Problem statement:
When you repeat the material, keep each line exact and omit the pictures.

Collected data:
****************

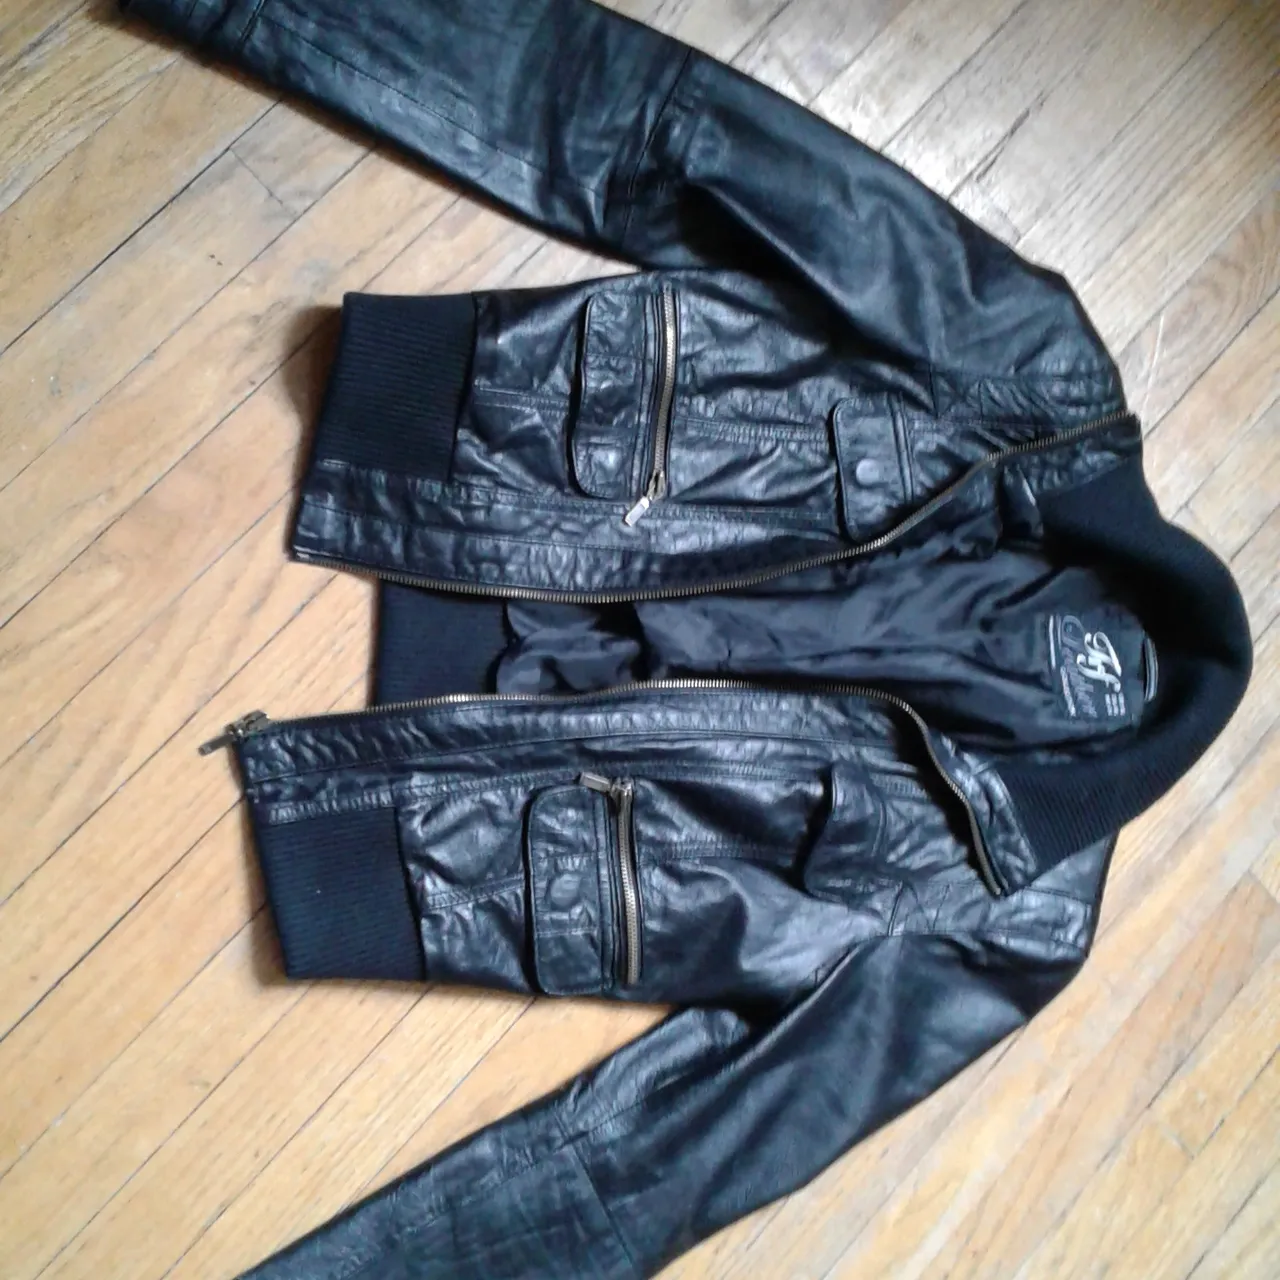 Black Leather Jacket photo 1
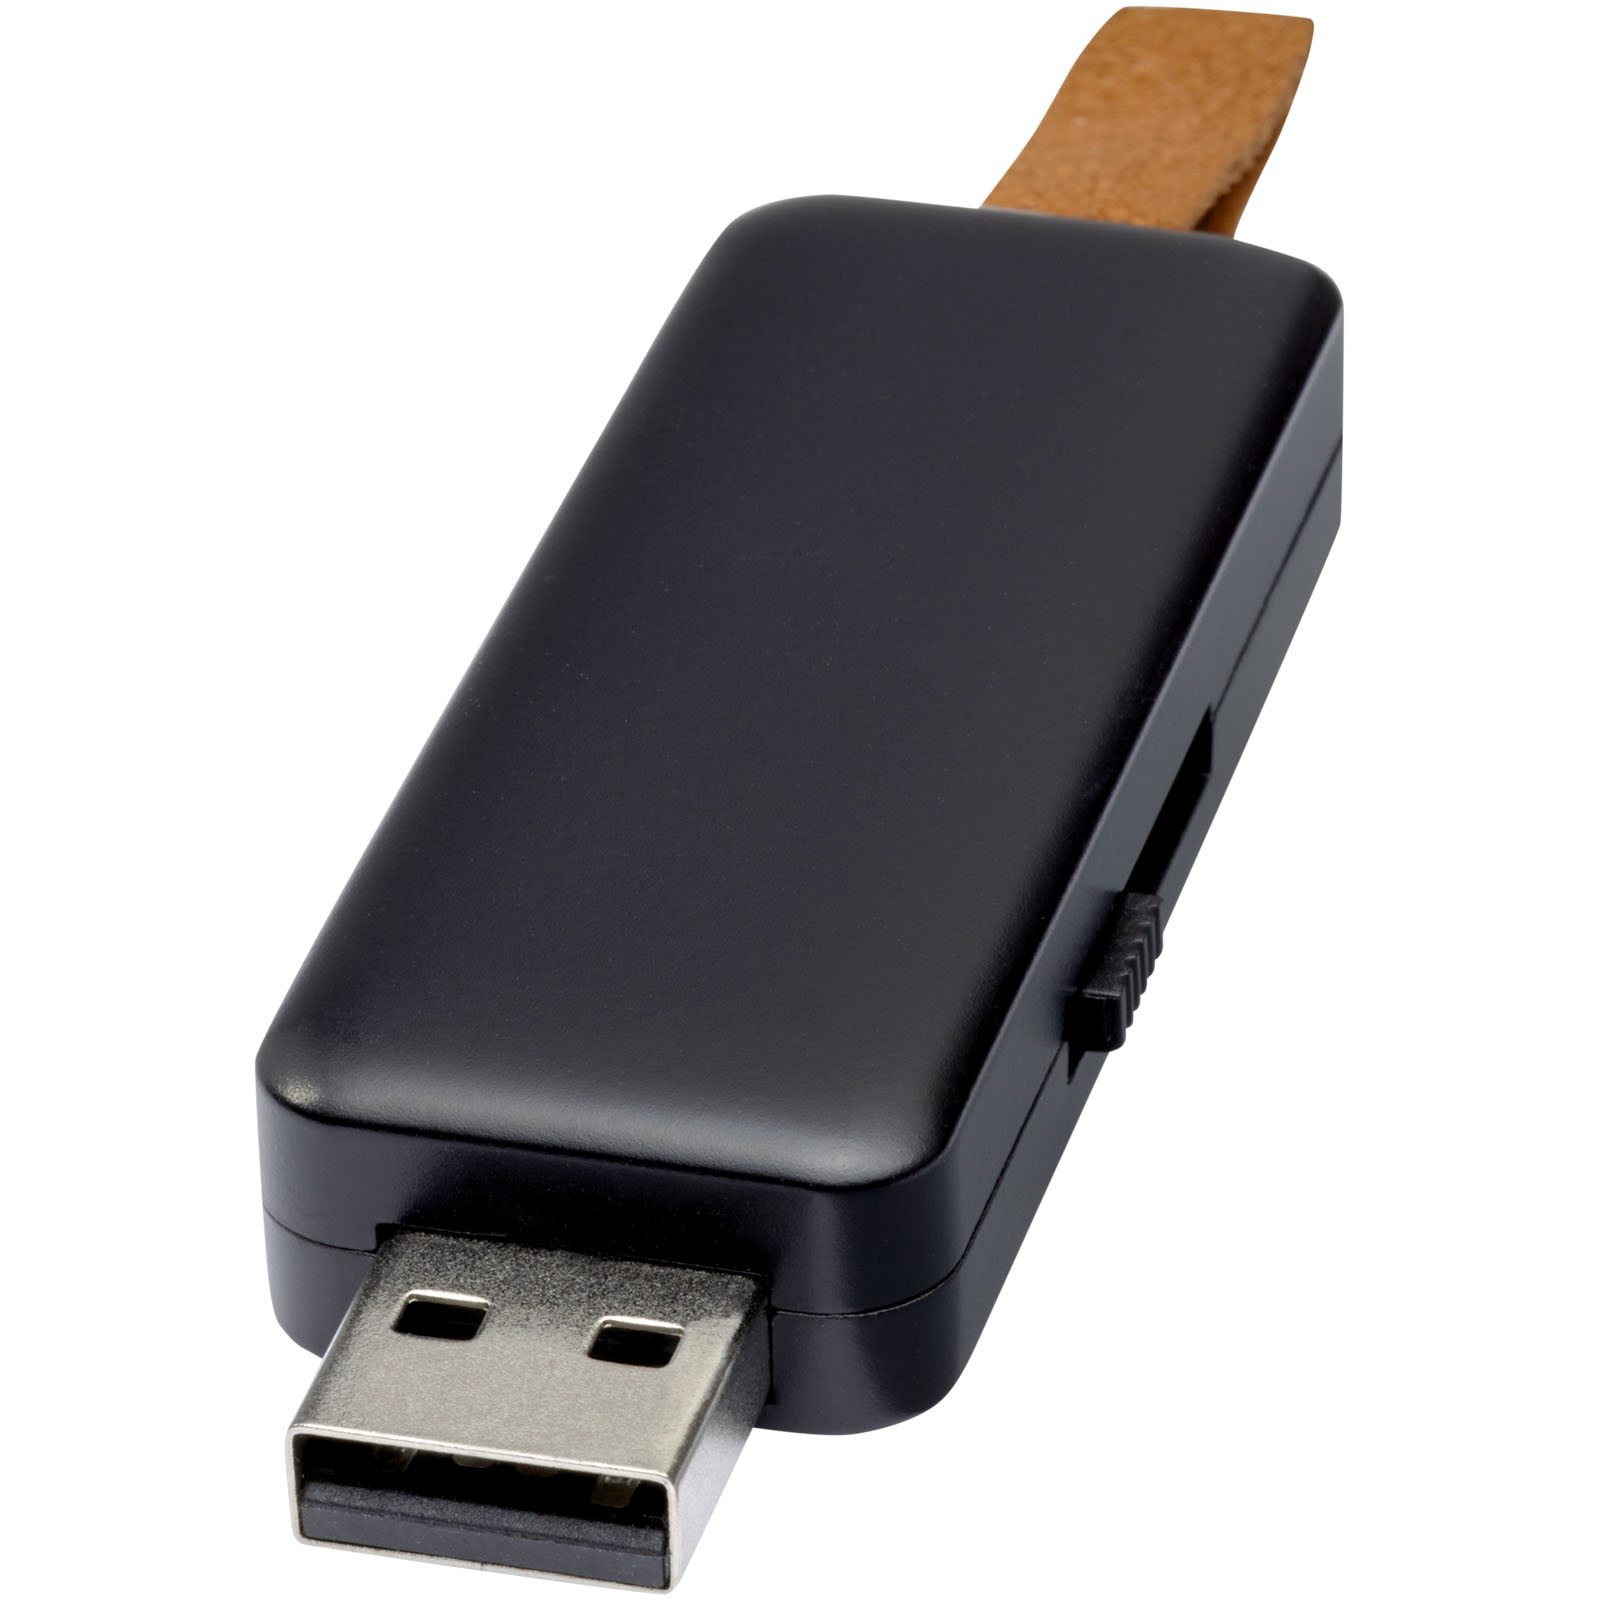 USB Flash Drives - Gleam 8GB light-up USB flash drive
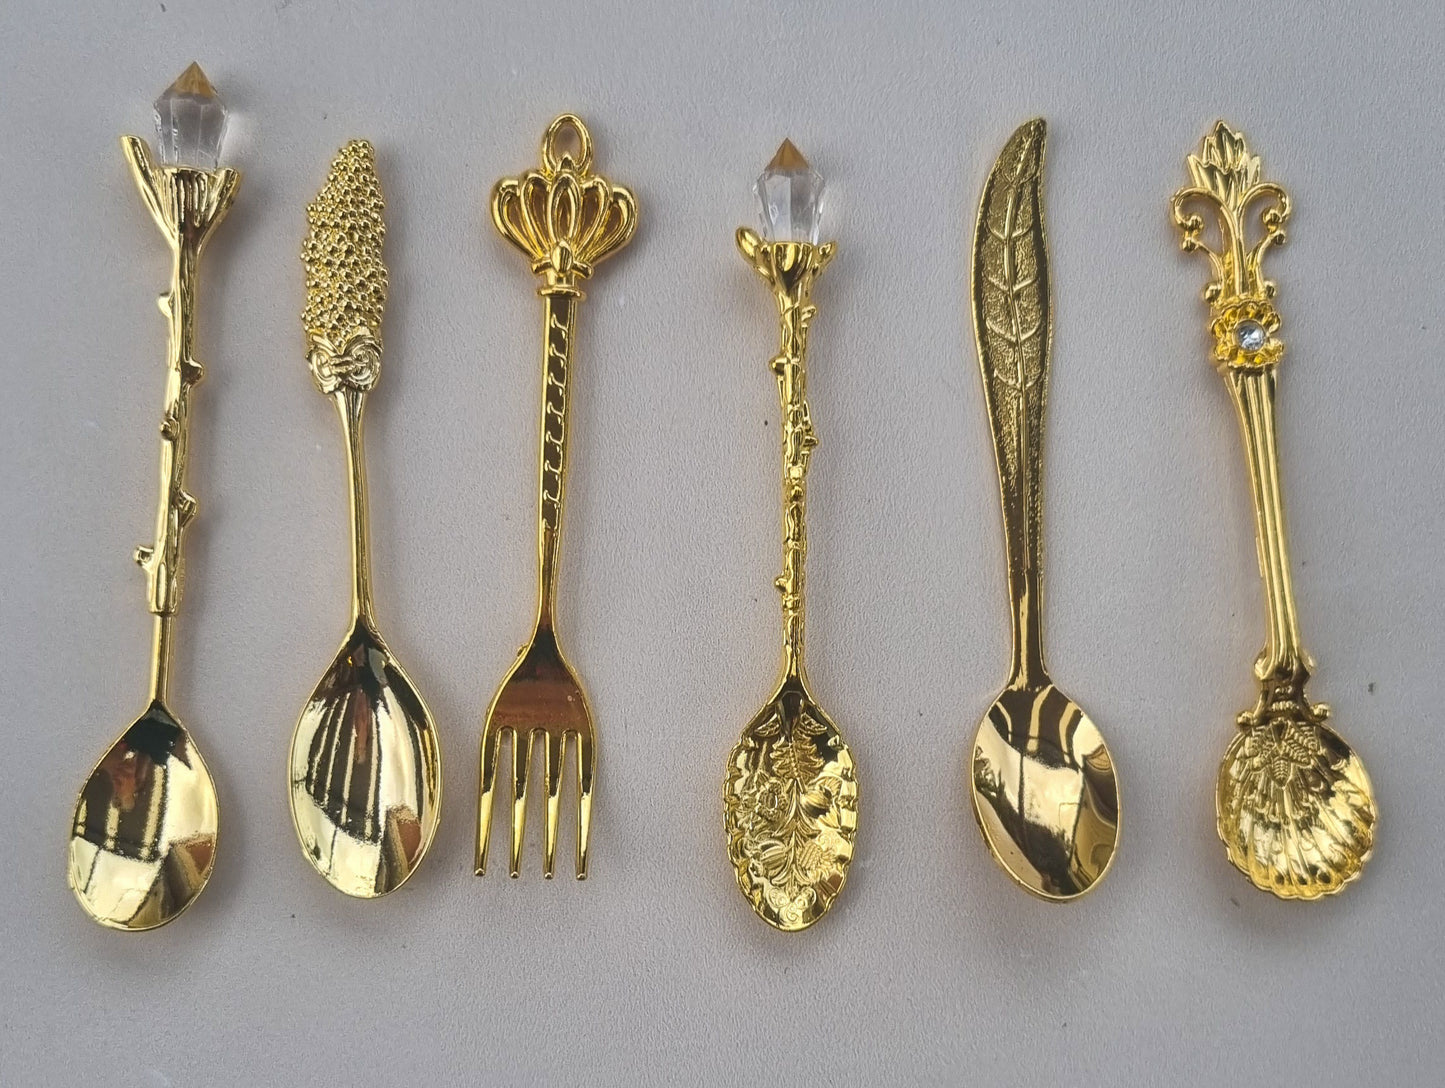 Vintage Palace Spoon Set

****************

The answer:
 Black Leather Jacket photo 1
 USB Flash Drives - Gleam 8GB light-up USB flash drive
 Vintage Palace Spoon Set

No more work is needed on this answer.